Patients with a rare inherited disease affecting their sight have experienced quick, sometimes substantial vision improvements after being involved in a gene therapy trial.
The rare inherited condition can cause people to lose much of their sight early in childhood.
But patients in the trial were reportedly 100 times better off after they received gene therapy to address the genetic mutation causing the condition.
Some patients even experienced a 10,000-fold improvement in their vision after receiving the highest dose of the therapy, according to researchers from the Perelman School of Medicine at the University of Pennsylvania who co-led the clinical trial published in The Lancet.
“That 10,000-fold improvement is the same as a patient being able to see their surroundings on a moonlit night outdoors as opposed to requiring bright indoor lighting before treatment,” said the study’s lead author, Professor Artur Cideciyan, PhD, a research professor of ophthalmology and co-director of the Centre for Hereditary Retinal Degenerations.
“One patient reported for the first time being able to navigate at midnight outdoors only with the light of a bonfire.”
Fifteen people participated in the Phase 1/2 trial, including three paediatric patients. Each patient had Leber congenital amaurosis as the result of mutations in the GUCY2D gene, which is essential to producing proteins critical for vision. This specific condition, which affects fewer than 100,000 people worldwide and is abbreviated as LCA1, causes significant amount of vision loss as early as infancy.
All subjects had severe vision loss with their best measure of vision being equal or worse than 20/80—meaning if a typically-sighted person could see an object clearly at 80 feet (24 metres), these patients would have to move up to at least 20 feet (6m) to see it. Glasses provide limited benefit to these patients because they correct abnormalities in the optical focusing ability of the eye, and are unable to address medical causes of vision loss, such as genetic retinal diseases like LCA1.
The trial tested different dosage levels of the gene therapy ATSN-101, which was adapted from the AAV5 micro-organism and was surgically injected under the retina. For the first part of the study, cohorts of three adults each received one of the three different dosages: Low, mid, and high.
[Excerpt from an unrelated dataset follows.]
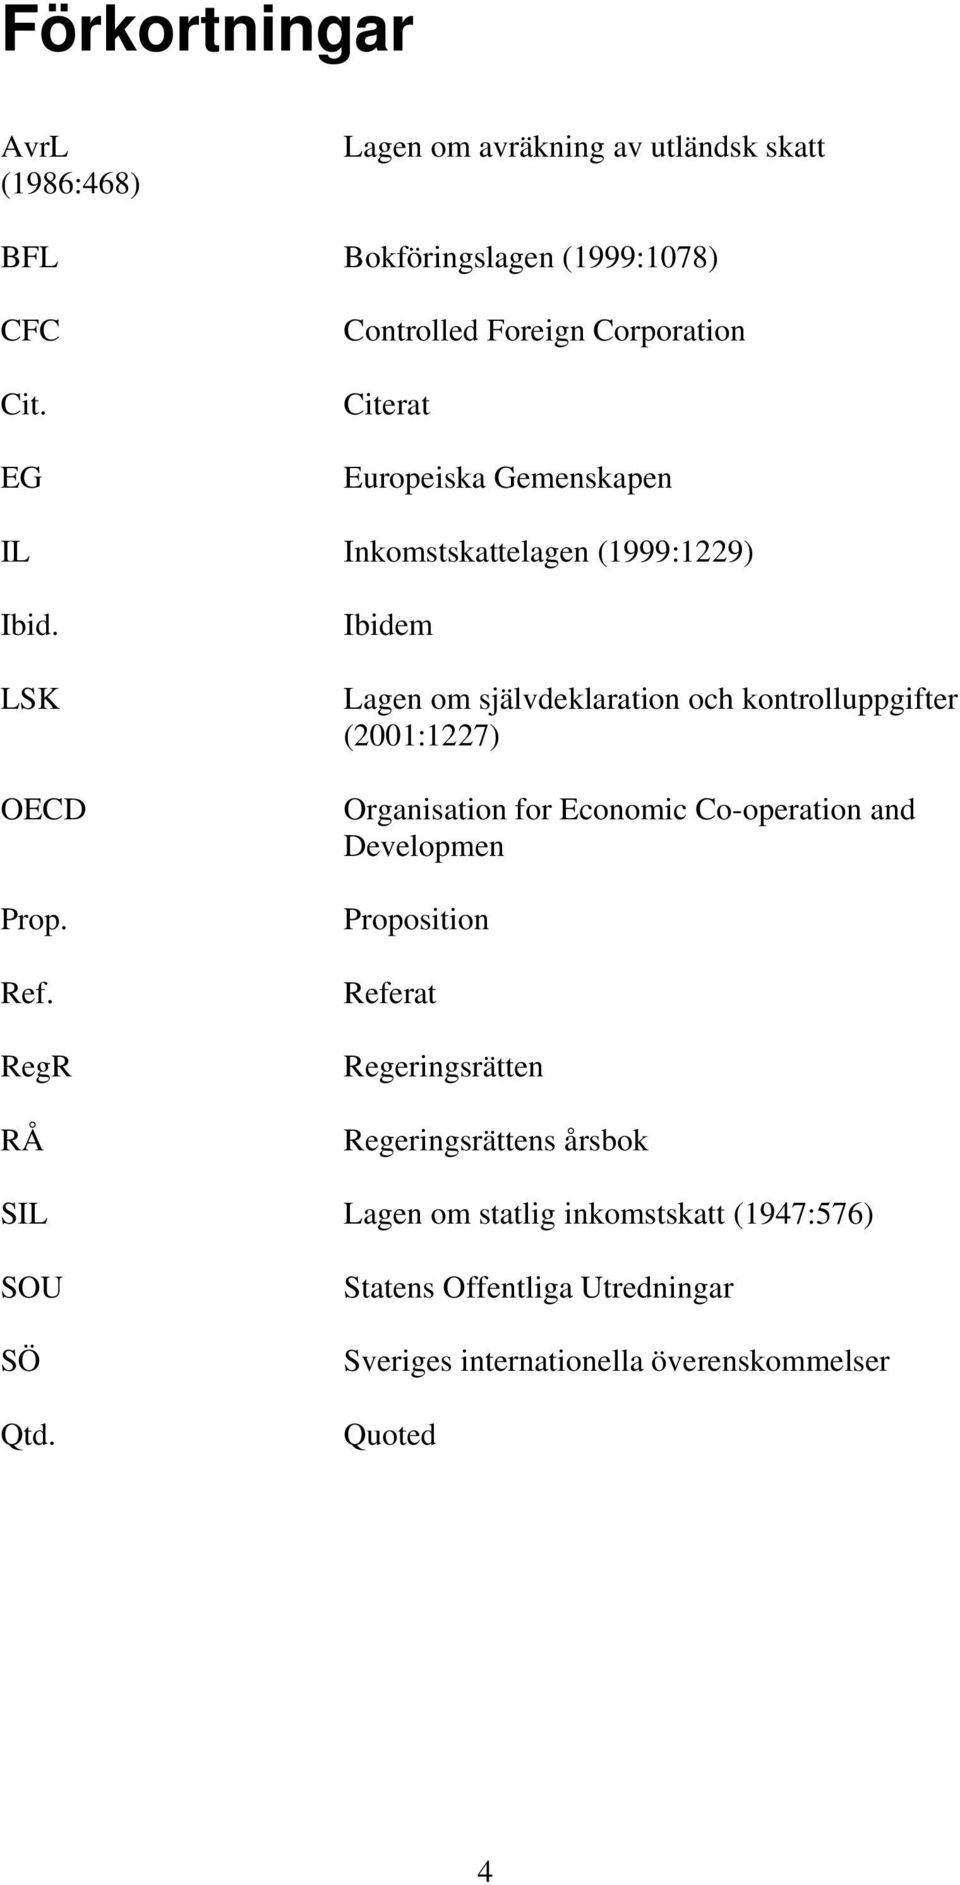 RegR RÅ Ibidem Lagen om självdeklaration och kontrolluppgifter (2001:1227) Organisation for Economic Co-operation and Developmen

Evaluations were held between each level of dosage to ensure that they were safe before upping the dosage for the next cohort. A second phase of the study involved only administering the high dosage levels to both an adult cohort of three and a paediatric cohort of three, again after safety reviews of the previous cohorts.
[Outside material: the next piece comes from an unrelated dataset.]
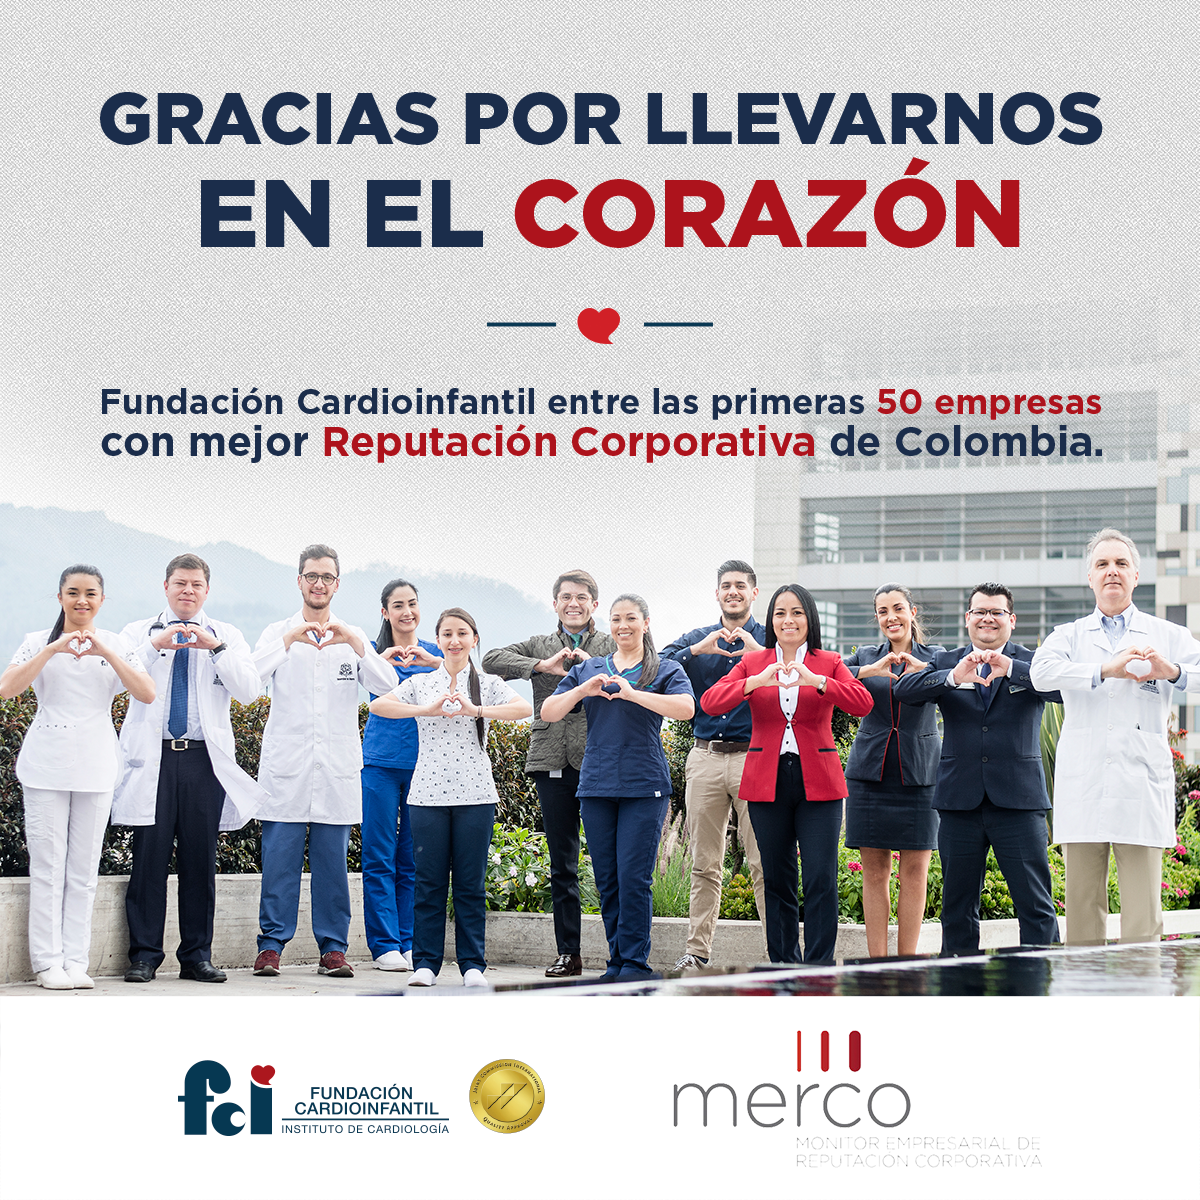 Somos la mejor empresa de salud en reputación corporativa de Colombia

Improvements were noticed quickly, often within the first month after the therapy was applied, and lasted for at least 12 months. Observations of participating patients are also ongoing. Three of six high-dosage patients who were tested to navigate a mobility course in varying levels of light achieved the maximum-possible score. Other tests used eye charts or measured the dimmest flashes of light patients perceived in a dark environment.
Of the nine patients who received the maximum dosage, two had the 10,000-fold improvement in vision.
“Even though we previously predicted a large vision improvement potential in LCA1, we did not know how receptive patients’ photoreceptors would be to treatment after decades of blindness,” said Prof Cideciyan. “It is very satisfying to see a successful multi-centre trial that shows gene therapy can be dramatically efficacious.”
Moving forward, approval of this experimental medicine for clinical use requires another trial, where participants are randomised to a treatment dose and both patients and those investigating the trial do not know who gets what. Through that, any possible bias in results could be avoided.
- This study was funded by Atsena Therapeutics, Inc. Two of the paper’s authors, Andres K. Lauer, MD, and Mark Pennesi, MD, PhD, are members of the company’s clinical and scientific advisory board.